One of the more critical objectives for the Celtics this season was to allow rookie Kelly Olynyk plenty of opportunity to grow and develop, considering he could become one of the team’s cornerstones. That process will be derailed for a while as coach Brad Stevens said Olynyk could miss “a couple of weeks” with a sprained right ankle.
Olynyk, who had started six of the past eight games, was injured in a collision with Indiana’s Luis Scola during the first half of Boston’s 97-82 loss on Friday. Olynyk was ruled out for the rest of the game and was using crutches afterward. He did not make the trip with the Celtics to Atlanta for Saturday night’s game and Stevens said he won’t be back soon.
“The last I heard was it will be whatever a typical sprained ankle recovery is, a couple of weeks,” Stevens said. “Maybe there is [an upside] down the road.
“He had a little bit of a hamstring that he was dealing with, too. That scares me more because that can become a lingering thing. So sometimes it’s a blessing in disguise when you roll an ankle. Let’s hope that’s the case in Kelly’s situation.”
Against the Hawks, Stevens went with Brandon Bass at power forward and moved Jared Sullinger to center against Al Horford. Sullinger was battling flu-like symptoms Friday, but was healthy enough to go Saturday night. He played 32:32, scored 15 points and grabbed a team-high nine rebounds.
“I was exhausted today, especially playing a back-to-back and being sick,” he said after the Celtics’ 94-87 win over Atlanta. “I just fought through it and it’s my job, can’t have no sick days around here.”
Stevens had a nice pregame chat with former Butler guard Shelvin Mack on the Philips Arena court before the game. Mack played for Stevens at Butler before entering the NBA draft following his junior season in 2011. He was the first Stevens-bred player to stick in the NBA.
Mack, now with his third team, went into Saturday night averaging 4.9 points and 3.1 assists in 14.6 minutes per game.
“Shelvin’s a wonderful person,’’ Stevens said. “I couldn’t be happier, not only for the fact that he’s doing as well as he’s doing, but this is a great program for him. It fits well and I’m really happy for him.
“He’s a guy that, when you recruited him and you would have told me he left in three years to go to the NBA, I would have said that’s probably not the case. He proves everybody wrong all the time and the ride he put us on, particularly his junior year when he took us to the Final Four, was remarkable.”
The road back
Atlanta’s Lou Williams returned to action Nov. 15 after Feb. 7 surgery to repair a torn right anterior cruciate ligament. He underwent surgery just six days prior to the Celtics’ Rajon Rondo and, while all timetables are different, it could be an indication that Rondo is nearing a return.
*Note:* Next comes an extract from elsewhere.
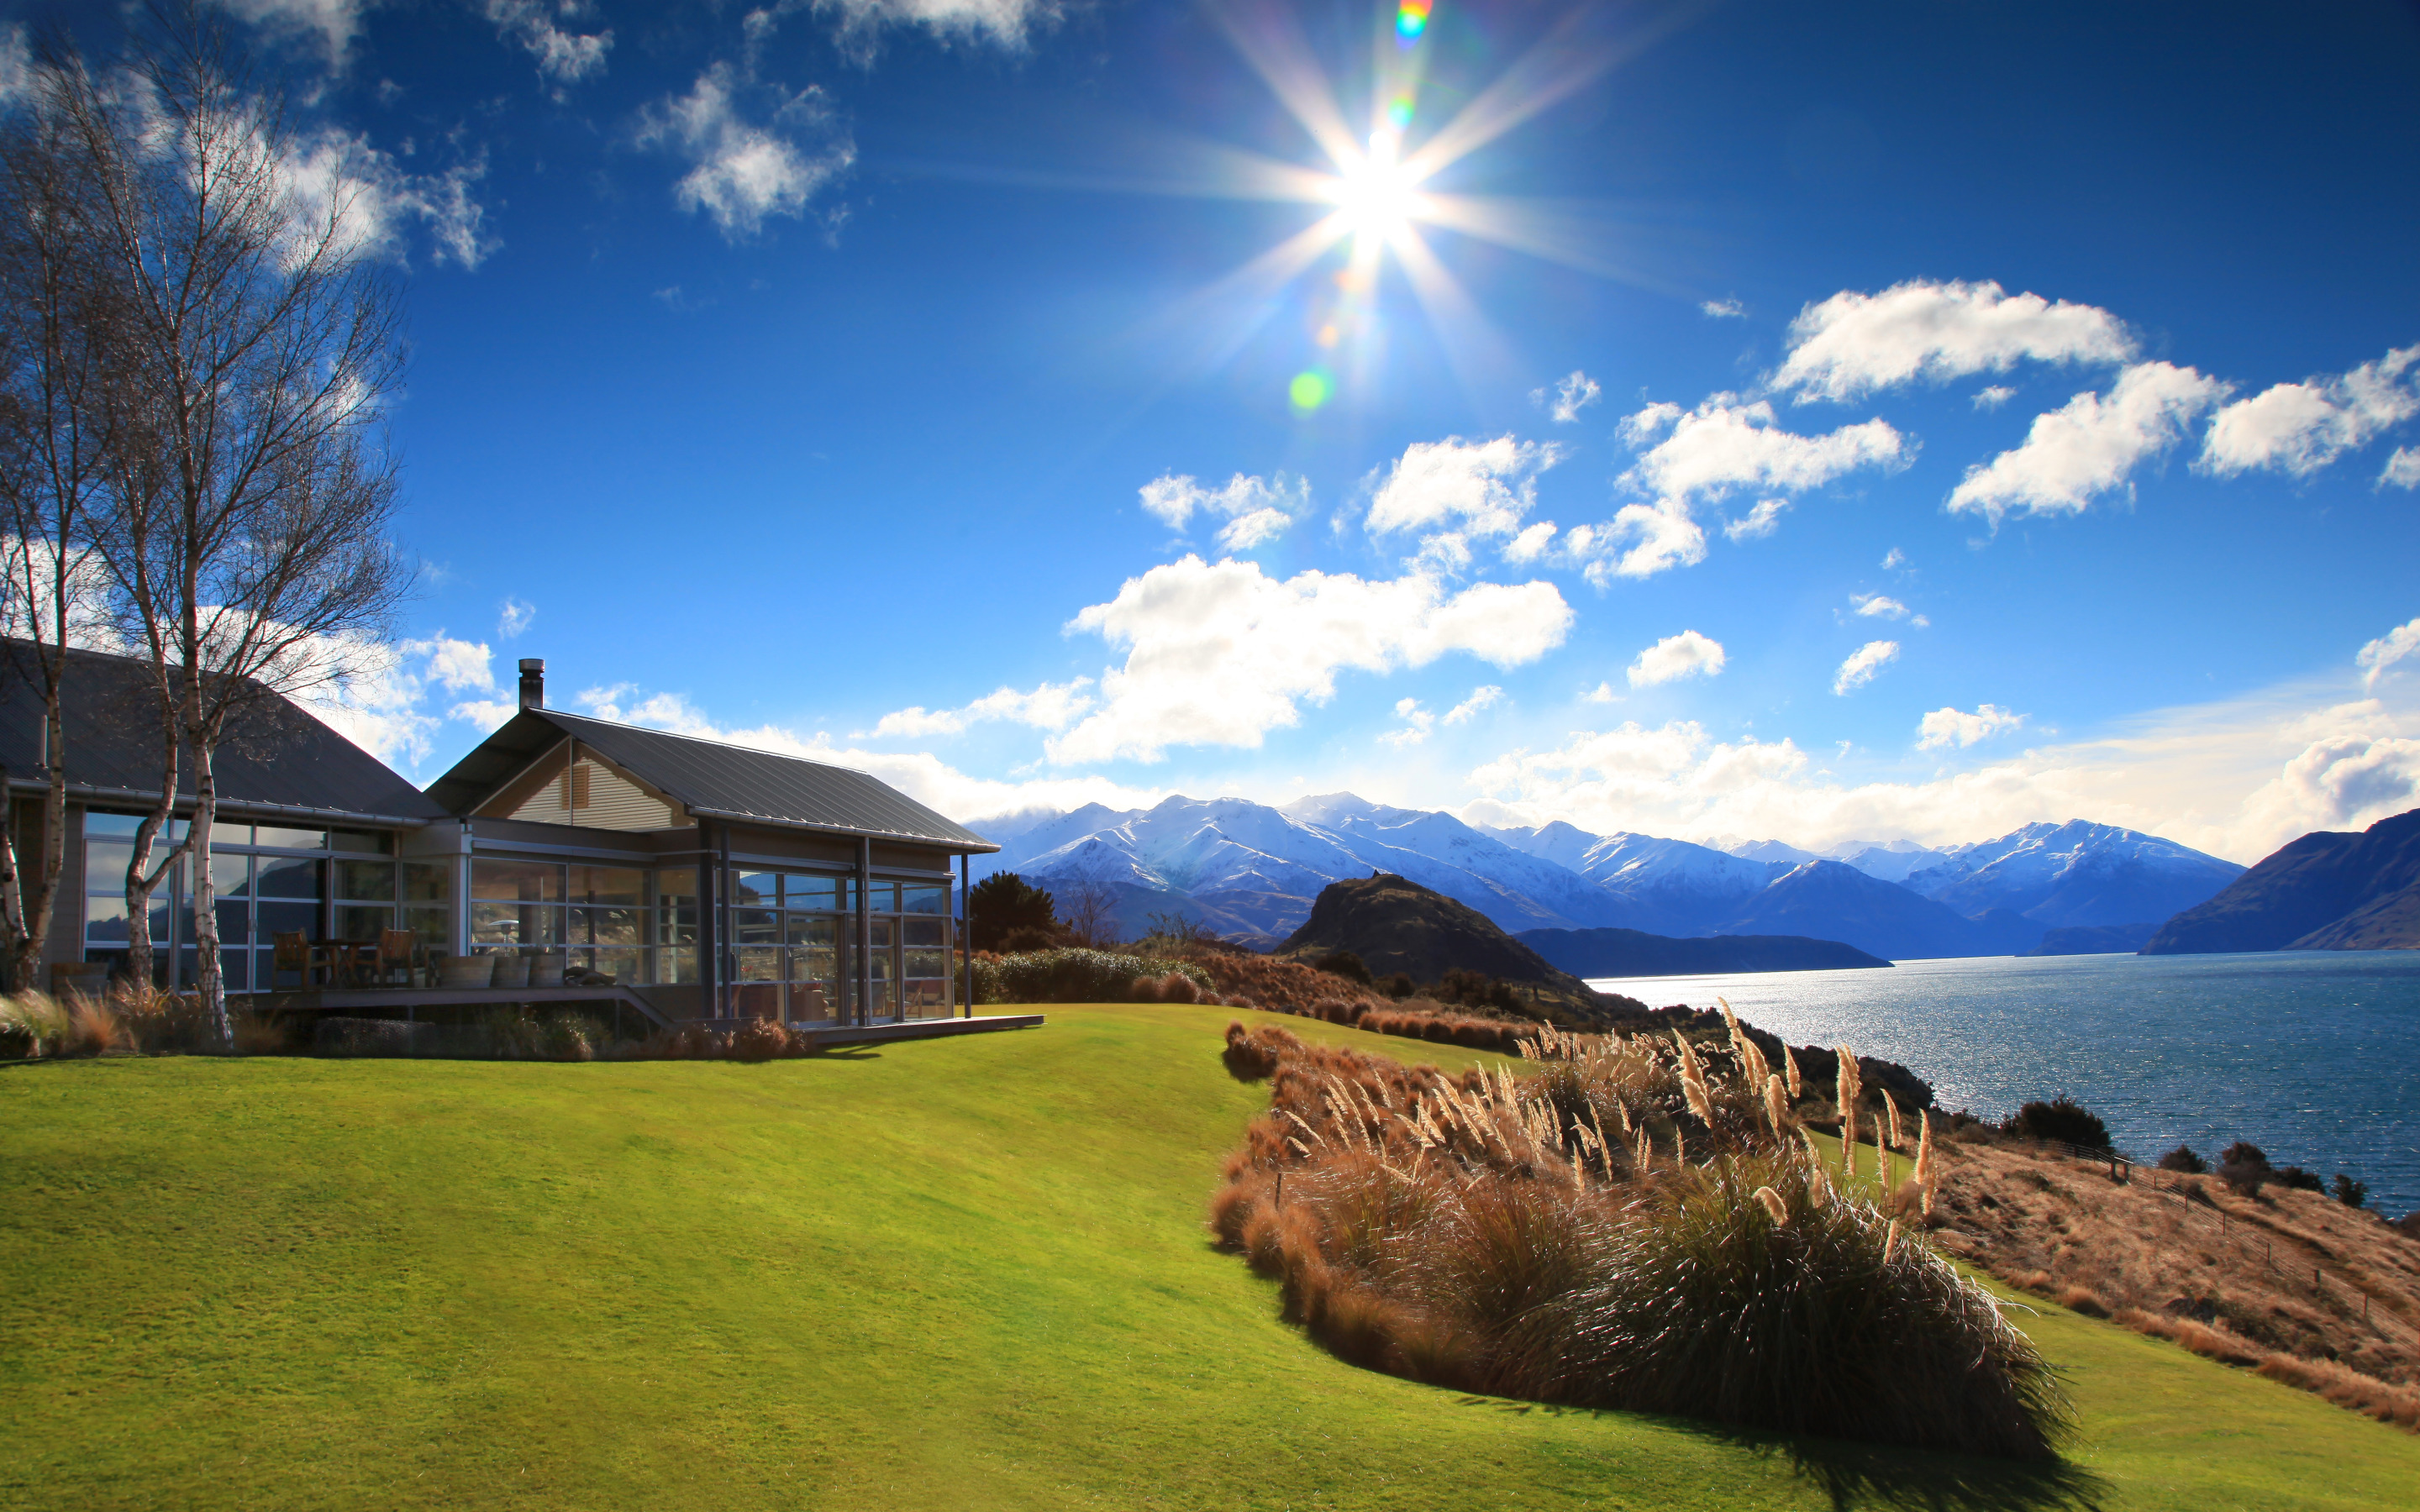 В теплых краях живет. Шале whare Kea, новая Зеландия. Новая Зеландия деревня в горах. Новая Зеландия Южный остров домики. Новая Зеландия дом на горе Окленд.

Williams played 16 minutes in his return, took a two-game break, and then returned Wednesday to play 14:39 against the Pistons. He did not play Friday in a rematch. Williams said his recovery was time-consuming.
“For me, it was just my actual knee being able to function,” Williams said about the most difficult aspect of his rehabilitation. “I really didn’t have a lot of mental issues with it because I always just prepared myself after injuries just to play through it. For me, it was if my knee could function. It just felt good just to be back out there after 10 months.”
The Hawks are being cautious. Williams made his third appearance of the season Saturday, checking in with 2:59 left in the first quarter. He played 17:40, hitting 2 of 7 shots and scoring 6 points.
“We don’t want to try to do too much too early,” he said. “Just as a precaution, we’re not playing a ton of minutes, just to take sure everything is 100 percent.”
Sullinger was assessed a Flagrant 1 foul for his chest bump of DeMarre Carroll on his breakaway layup with 6:14 left in the third. Horford had words for Sullinger and then Carroll attempted to approach him. “I went for the ball. It was a hard basketball play. I didn’t try to hurt him,” he said . . . Hawks shooting guard Kyle Korver extended his streak with a successful 3-pointer to 87 two minutes into the first quarter. He moved two short of the NBA record set by former Celtic and BC standout Dana Barros, who began his streak with the 76ers and ended it with the Celtics in 1996 . . . Former All-Star and No. 1 overall pick Elton Brand was on the Hawks’ inactive list but is healthy. He signed a one-year, $4 million deal in the offseason but has played more than 12 minutes in a game just twice this season and has not scored since Nov. 15. . . . Keith Bogans (illness) did not make the trip to Atlanta and is not expected to play Monday in Charlotte. Bogans, acquired in the blockbuster deal with the Nets, has played in just two games this season for a total of 15 minutes.